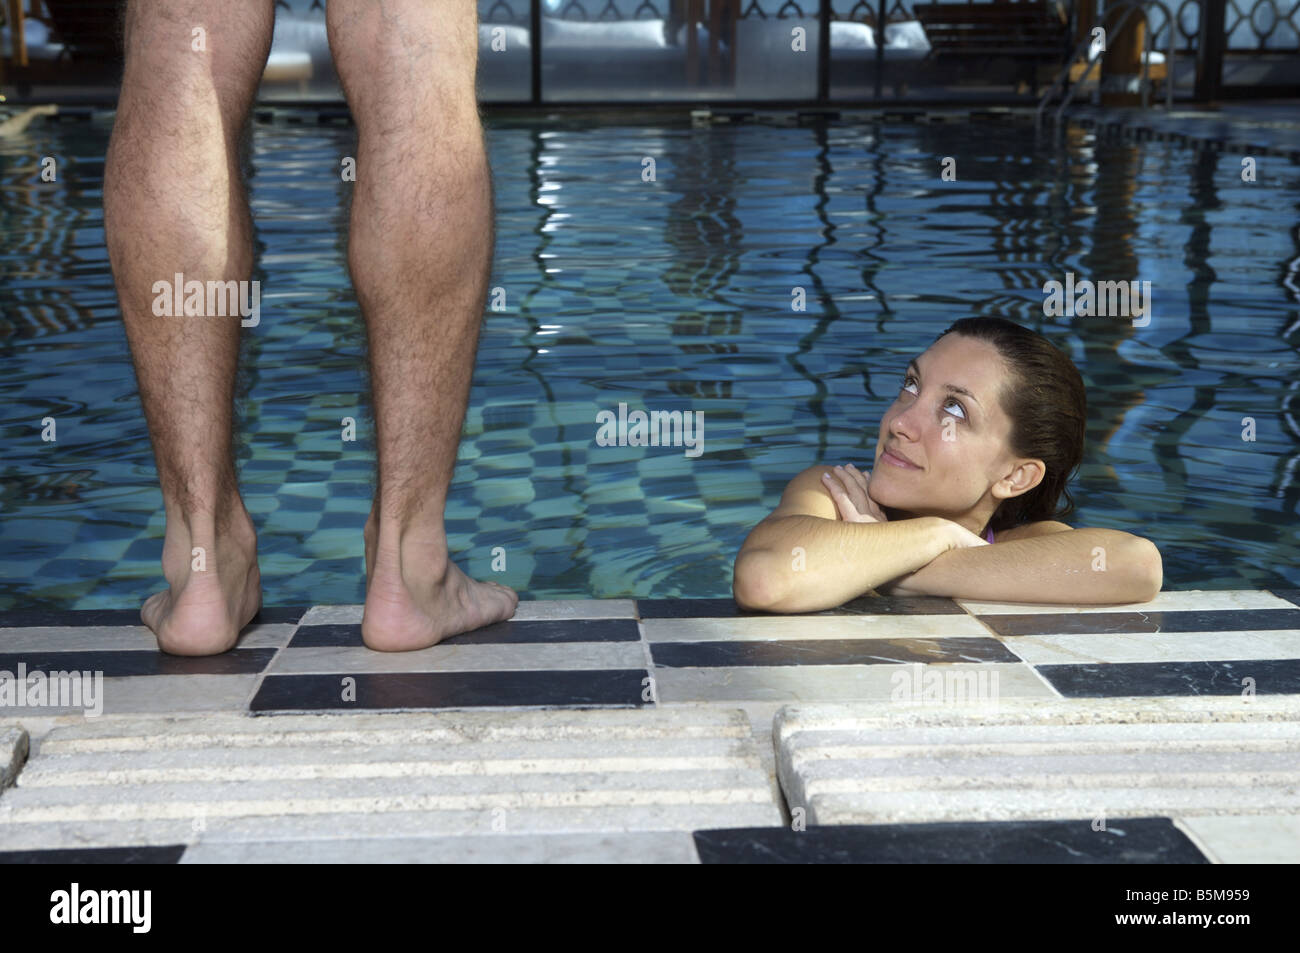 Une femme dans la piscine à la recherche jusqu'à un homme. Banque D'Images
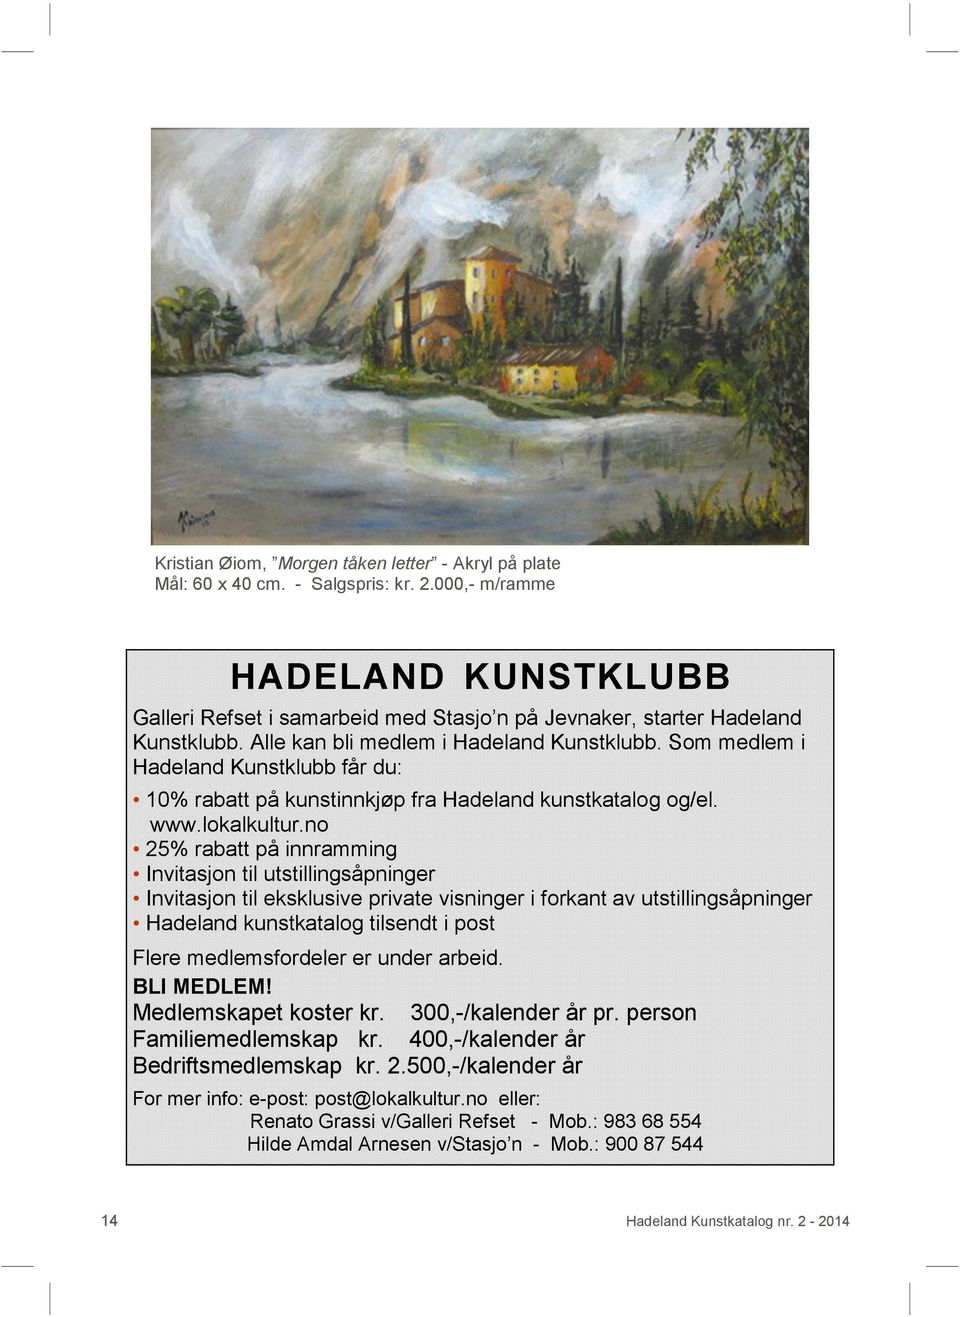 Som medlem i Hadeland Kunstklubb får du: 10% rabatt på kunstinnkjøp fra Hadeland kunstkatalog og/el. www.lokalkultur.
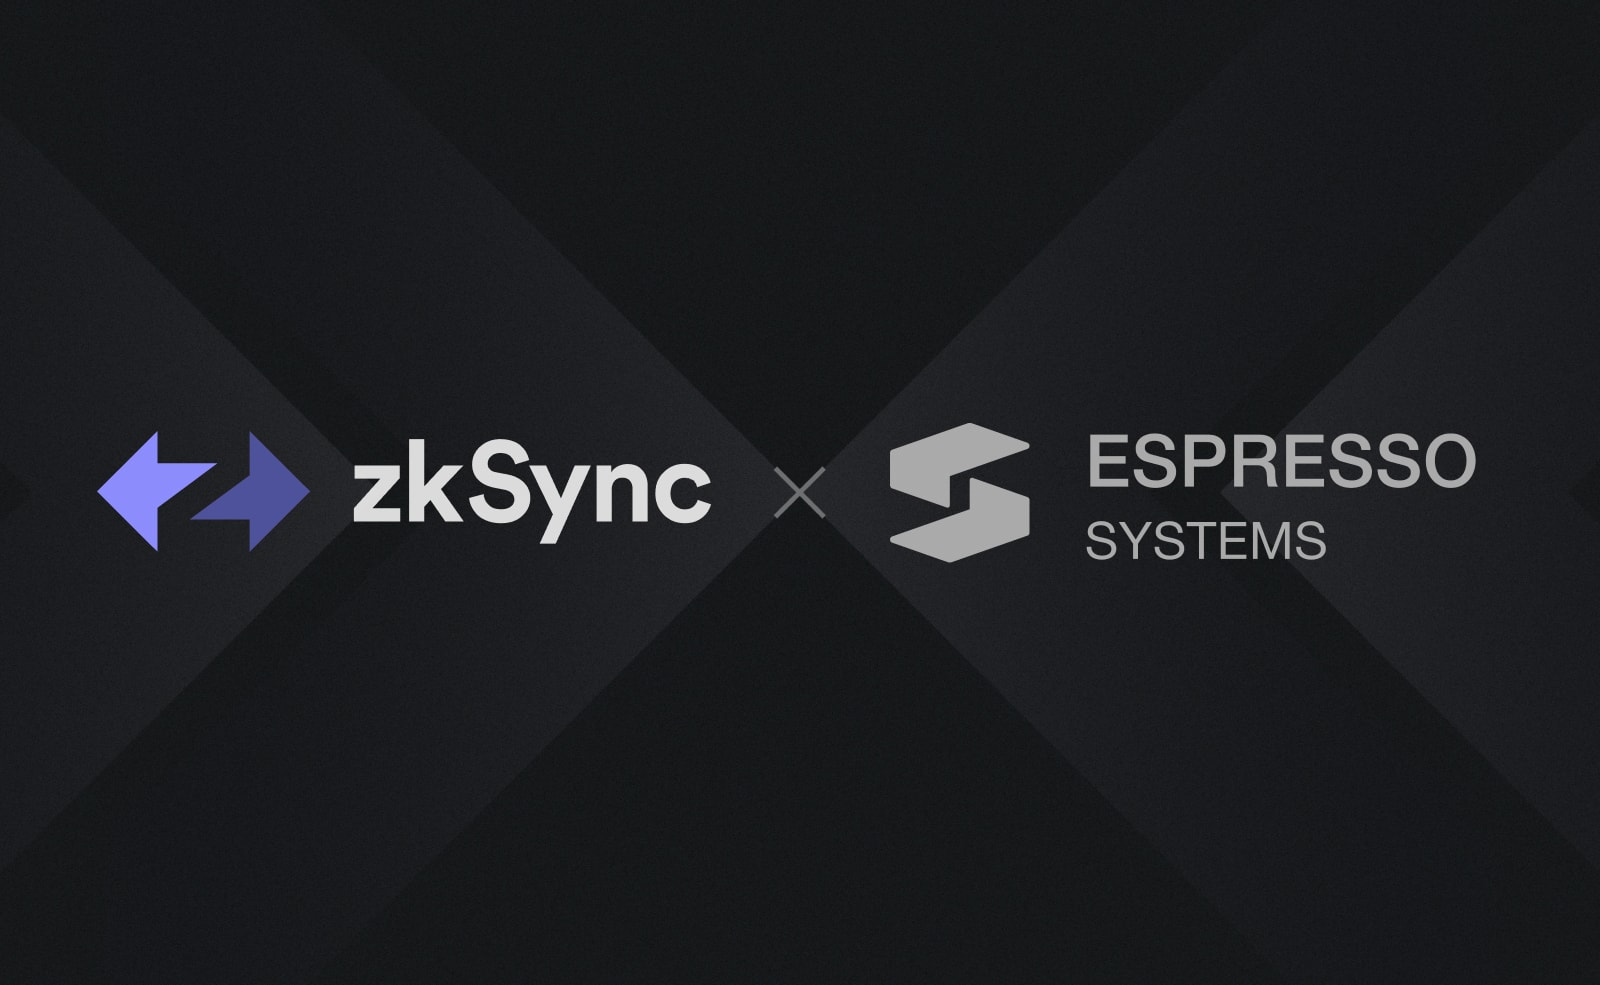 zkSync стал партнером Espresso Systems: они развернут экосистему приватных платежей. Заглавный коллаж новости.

========

# [Task instructions]
Excluding pictures, copy exactly the lines from the line containing "Som medlem i" through the last line of the data, inclusive.

# [Response]
 Som medlem i Hadeland Kunstklubb får du: 10% rabatt på kunstinnkjøp fra Hadeland kunstkatalog og/el. www.lokalkultur.
 zkSync стал партнером Espresso Systems: они развернут экосистему приватных платежей. Заглавный коллаж новости.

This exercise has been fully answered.